Evalena. Had she gotten away?
Suddenly the snarling and snapping grew louder. He heard another wolf cry and saw another attacker limp from the fight. But he had not caused the injury.
His sense of smell told him first what had happened. Evalena had not run as he had instructed. Instead, she had come to fight at his side. Hunter fought harder. Trying to protect her and disable the others. But he quickly saw that she was fearless and fearsome.
Evalena, the black wolf, was a devil to face.
The remaining six suffered injuries. Their leader withdrew and the others followed. They had won.
The pack leader turned, transforming into his human form, and Hunter saw he was one of the men that he had faced on Sullivan Street. The others shifted as well, bleeding, clutching their wounds.
“So, she has claimed you,” said his rival.
Evalena turned first, appearing in her black fur cap
e and then a moment later in the outfit he had created for her.
“This one is mine and I’ll kill anyone who threatens him.”
Hunter was standing at her side an instant later. By choosing to stand with him against the others, she’d claimed him. He knew instantly. She was still in heat but the scent was laced with a metallic fragrance of blood and the sweetness of fresh grass.
He offered his hand and she took it. Only then did he recognize her fear, from the dampness of her palm.
The pack dispersed, leaving only their leader.
“You are a lucky man, for she is an alpha unlike any I have ever seen. Walk in beauty,” he said, giving the customary farewell and blessing.
“Walk in beauty,” said Hunter.
Only after they were alone did Evalena’s shoulders sag. She bent to place her hands on her knees as if she were suddenly taken ill.
He wrapped an arm about her narrow shoulders, the fear blasting him like a cold wind. “Are you hurt?”
“I think I’m going to puke. Oh, I’m dizzy.”
He guided her to the plastic chair someone had set beside the back door of the bakery.
“It’s the adrenalin. It just abandons you after a fight.”
She sank to the chair and cradled her forehead in her hands.
He crouched beside her, rubbing her back. At last she lifted her head and tucked her inky hair behind her ears. She grinned at him.
“That was something,” she said.
“You defended me.” He could not keep the awe from his voice.

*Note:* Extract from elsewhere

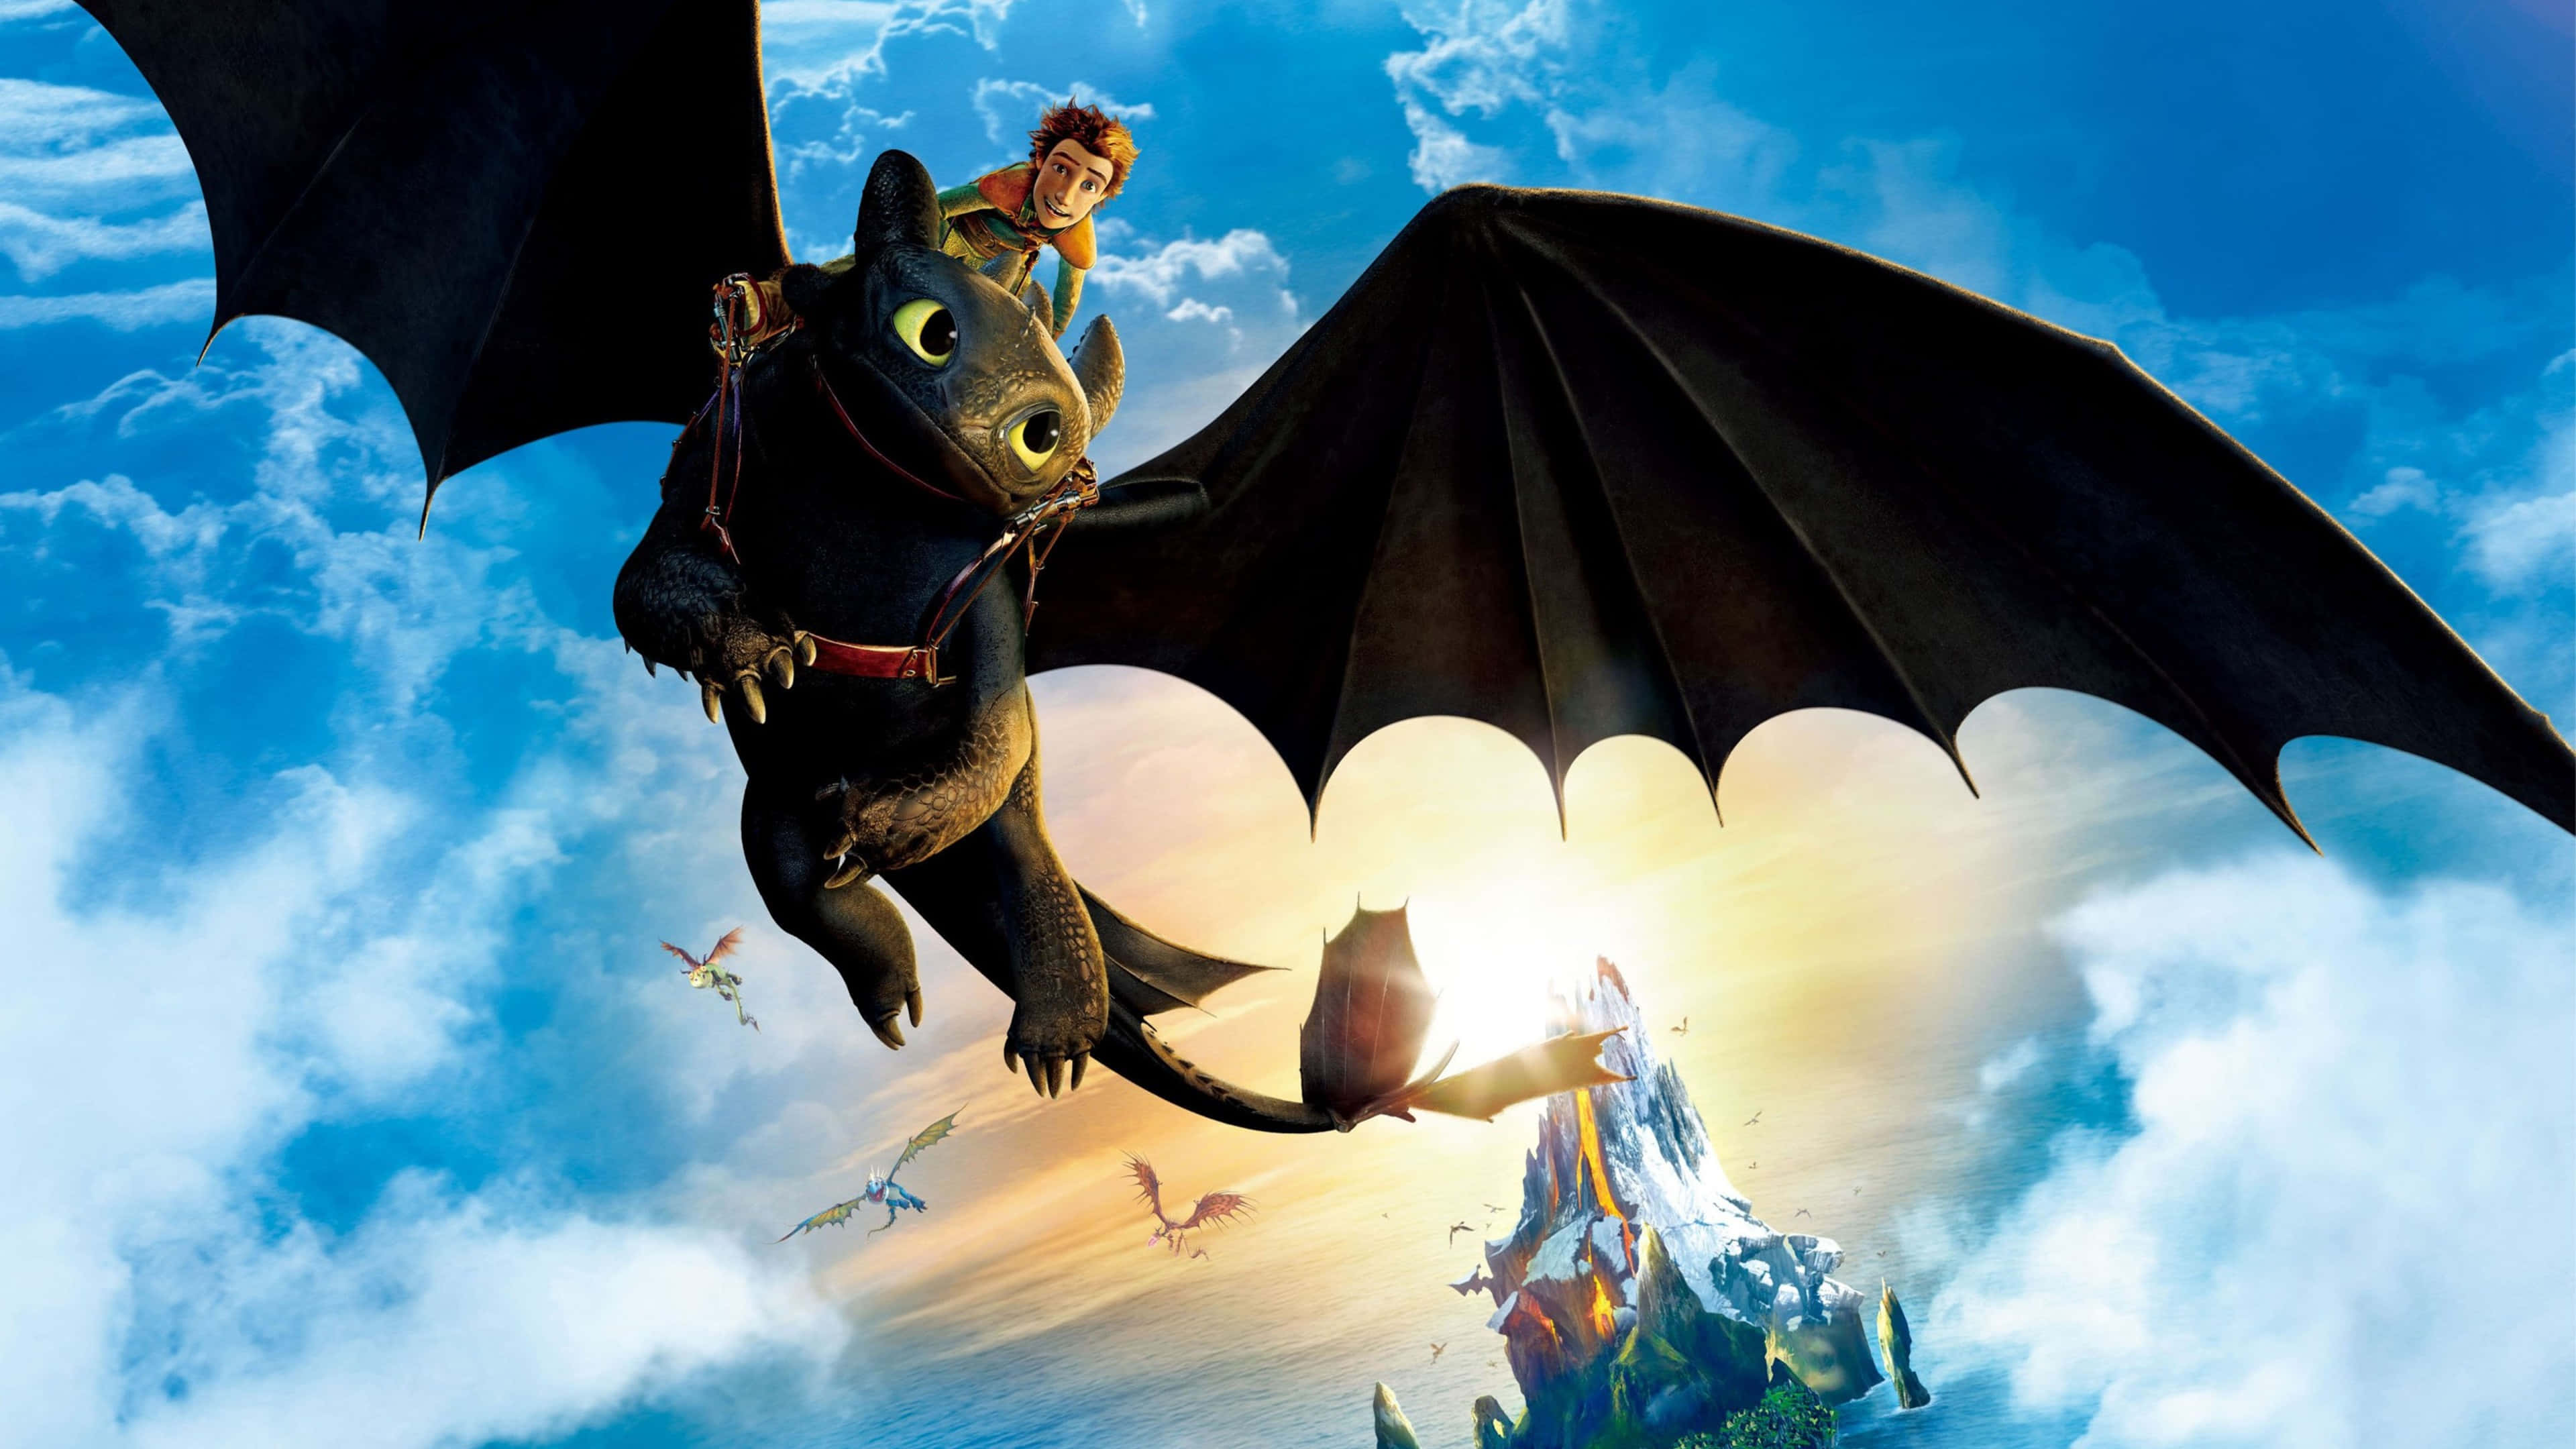 Ready for another wild adventure with Hiccup and Toothless? Wallpaper

The grin grew wider. “Sure did.”
“No one’s ever done that before.”
Her smile receded. “I know you told me to run, and I tried, but I couldn’t leave you.”

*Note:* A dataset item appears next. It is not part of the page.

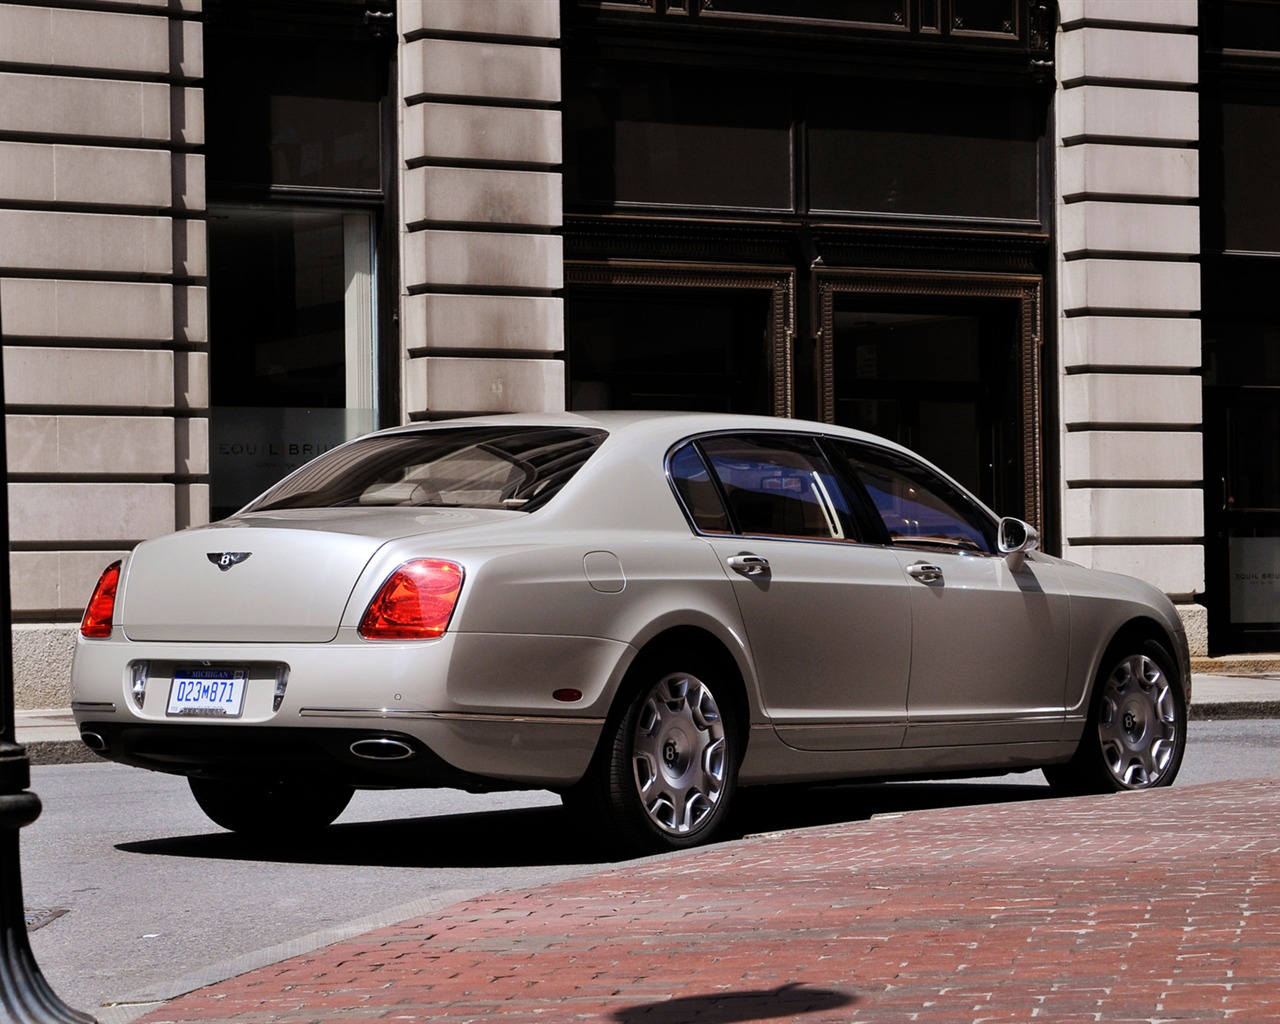 Bentley Continental Flying Spur - 2008 宾利9 - 1280x1024

“Do you know what you did, Evalena? You’ve claimed me.”
She swallowed, a bitter taste now in her mouth. She’d let him see her commitment, smell it on her skin. But it wouldn’t matter.
“Listen,” she said. “I understand if you don’t want to accept me. I just, I couldn’t stand by and watch them hurt you.”
He took her hands in his. “Why?”
She felt herself shrinking. He was going to make her say it aloud, make her admit that he had shown her a new way to be normal and given her a chance to belong.